Tears are God’s healing to our inner self. When I was in church for over 3years at no reason the tears just rolled down my face, I prayed and prayed and yes God did answer and I was able to understand that the horrible pain of a family situation was being healed and that sweet peace was being strengthened. Tears are indeed very important andI can really identify with you, Blessings, Sandy Cumberworth
I shed tears pretty easily. I am comfortable with them, and with others crying. Sometimes it is the only thing that will help let out the emotions. My husband of 17 months is not sure what to do when I cry and feels badly that I am upset. I am teaching him that I just need him to put his arms around me and let me cry.
Like Sarah, I have restricted my tears in the past, as my mentally abusive ex-husband accused me of “trying to get out of” something or trying to get him to stop yelling and feel sorry for me. Dear Sister- I pray that you can share your true self with someone. Our Abba, if not your husband. I am sorry that he made you feel unsafe to be real.
What makes me cry? A good movie, seeing my husband hug and kiss my stepson- so tender for such a big, strong man; injustice in the world, the effects of sin in people’s hearts, a rainbow, the presence of the Holy Spirit, pure harmonies in a praise song. Surprisingly, anger brings tears at times.
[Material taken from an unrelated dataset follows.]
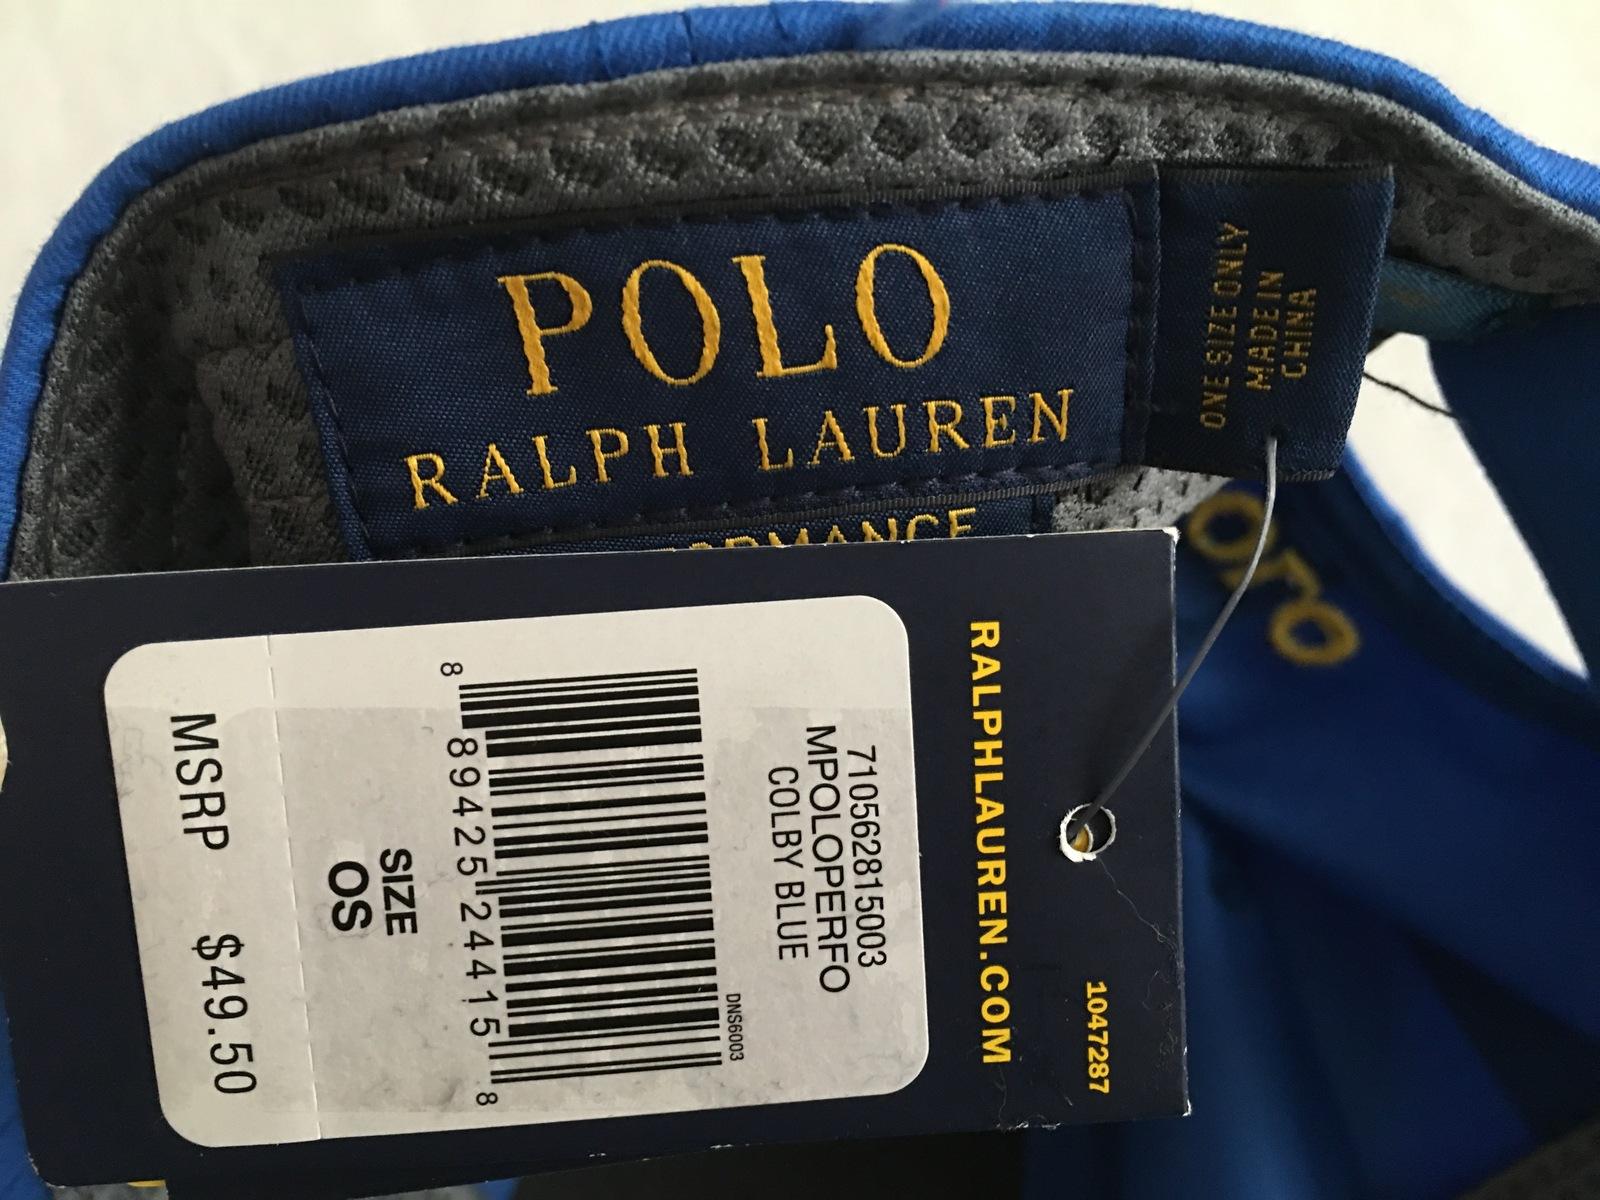 4a4bee289a0d9f NWT Polo Ralph Lauren Men's Performance Baseline Baseball Cap One Size Fits  All

As a result of experiencing a lot grief due to the death of loved ones, I have learned to be comfortable with tears. I realize it allows one to let the pain out. I volunteer as a grief counselor and use 2 Cor. 1:3-4 as my theme verse. “Praise be to the God and Father of our Lord Jesus Christ, the Father of compassion and the God of all comfort, who comforts us in all our troubles, so that we can comfort those in any trouble with the comfort we ourselves receive from God.”
I used to cry easily; my heart has hardened and I am looking for ways to feel safe and vulnerable with a spouse who chose infidelity over courage. Pregnant with my 2nd child at the time, the affect was devastating and I squelched the hurt for 30 years. Now after losing mom, dad, special aunties, etc., I find the hurt surfacing and the results fresh. It’s amazing how we can push our feelings aside to appear that everything is ok. But, trust me, our children knew all along we were faking it and as young adults they will tell me just that. At age 60 I find going back into all those memories exhausting but I’m told necessary to resolve the hurt. We are working towards some kind of marriage to grow old with, but most days I just want to walk out the door and start over. I wish I could cry more.
We have “crying time” once about every 4 – 6 wks. Lots of words on her part expressing a fear or frustration in her life all bathed in tears. I know now not to try to talk her out of it but as a young husband, I felt like a failure. My goal in life was to have a wife who was happy. I interpreted that as being happy with me. That was basically a selfish thing because men gravitate toward success and distance things that feel like failure. We are 67 now, 43 years married to one woman. I see the tears now as healthy and I’m filling my successful role of being the comforting one who is always the safe place to cry. I still don’t understand the tears. They seem to take a lot of time that could be spent fixing the problem. A male thing. The best route in the long run is to listen.
What makes me cry? I dont feel comfortable crying in front of my husband when we are having marital problems, because I feel like he does not care that he hurt me in that way. I also cry when I’m angry.I feel comfortable crying when I hear a good old fashioned gospel song and the presence of the Holy Spirit.
I am comfortable with mine and others tears. There was a time when I would not / could not cry. While going through a extremely hurtful divorce I remember praying that I could cry again. For I knew this was going to be the only way that I was going to get through this time. I can and do cry now I also feel that it is very helpful to clear my head allow for selfless behavior and for God to work in growing me closer to him.